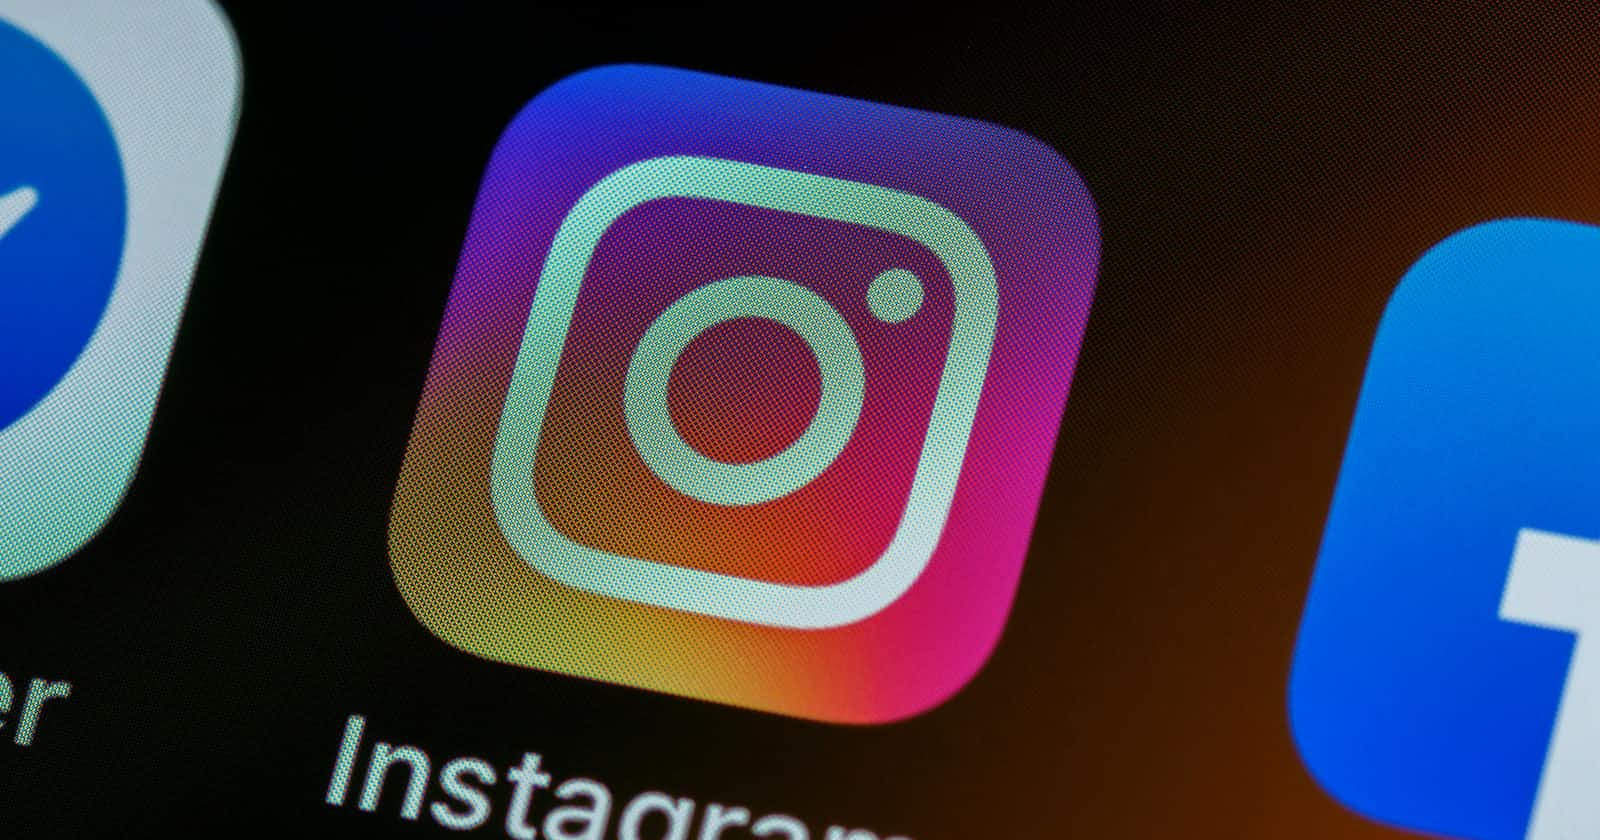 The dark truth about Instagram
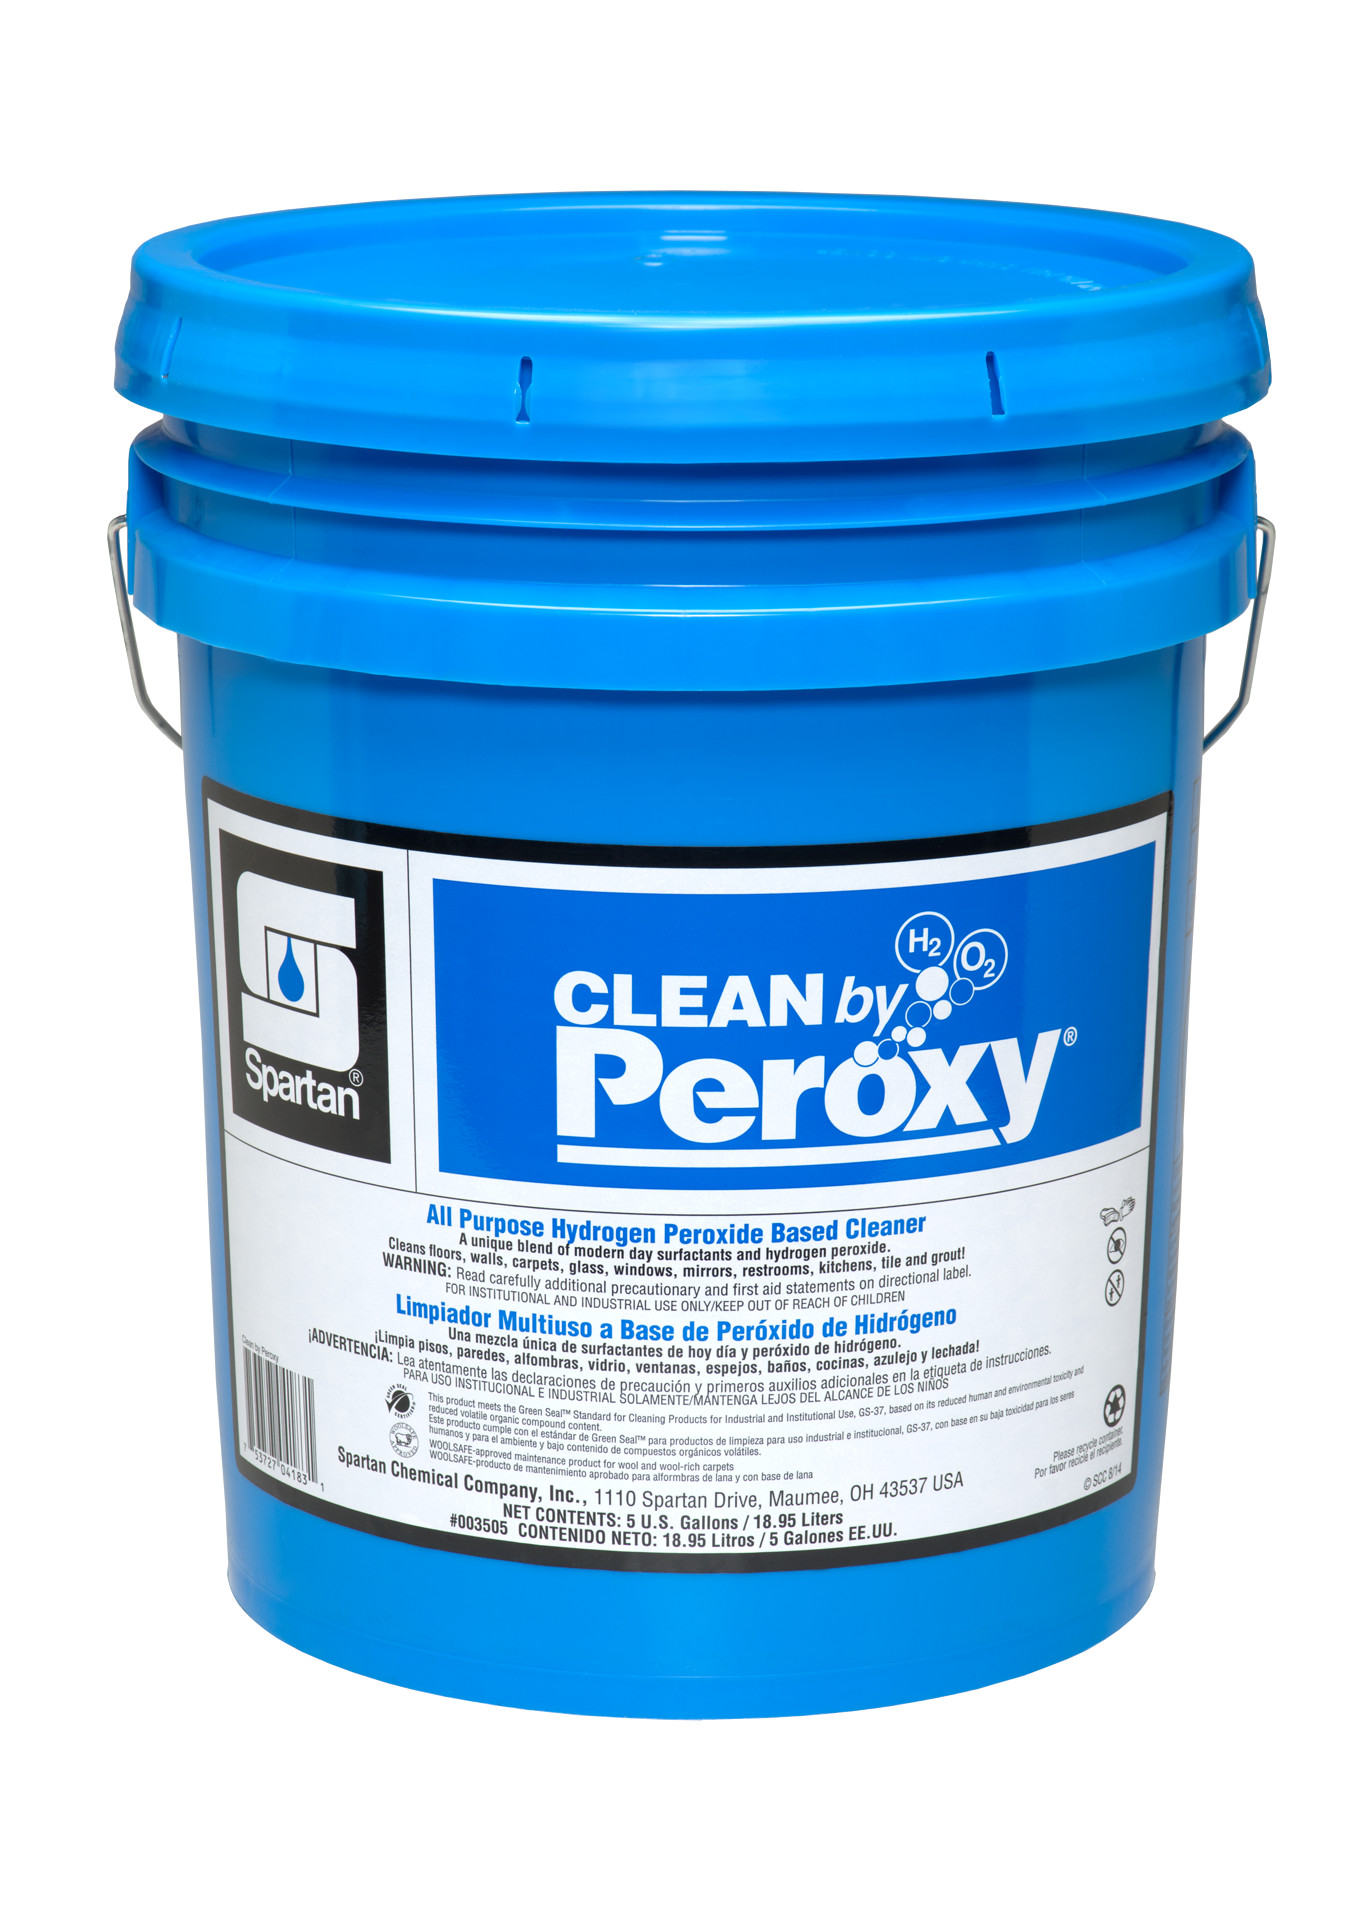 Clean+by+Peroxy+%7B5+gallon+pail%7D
...
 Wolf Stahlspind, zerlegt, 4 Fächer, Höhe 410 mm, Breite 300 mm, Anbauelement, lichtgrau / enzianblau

- WHAT TO WORK ON:
In the listing above, find the line holding "The dark truth about Instagram" and the line holding "Clean+by+Peroxy+%7B5+gallon+pail%7D". Reproduce those two lines and all between them exactly, leaving out pictures.

- EXERCISE SOLUTION:
 The dark truth about Instagram
 Clean+by+Peroxy+%7B5+gallon+pail%7D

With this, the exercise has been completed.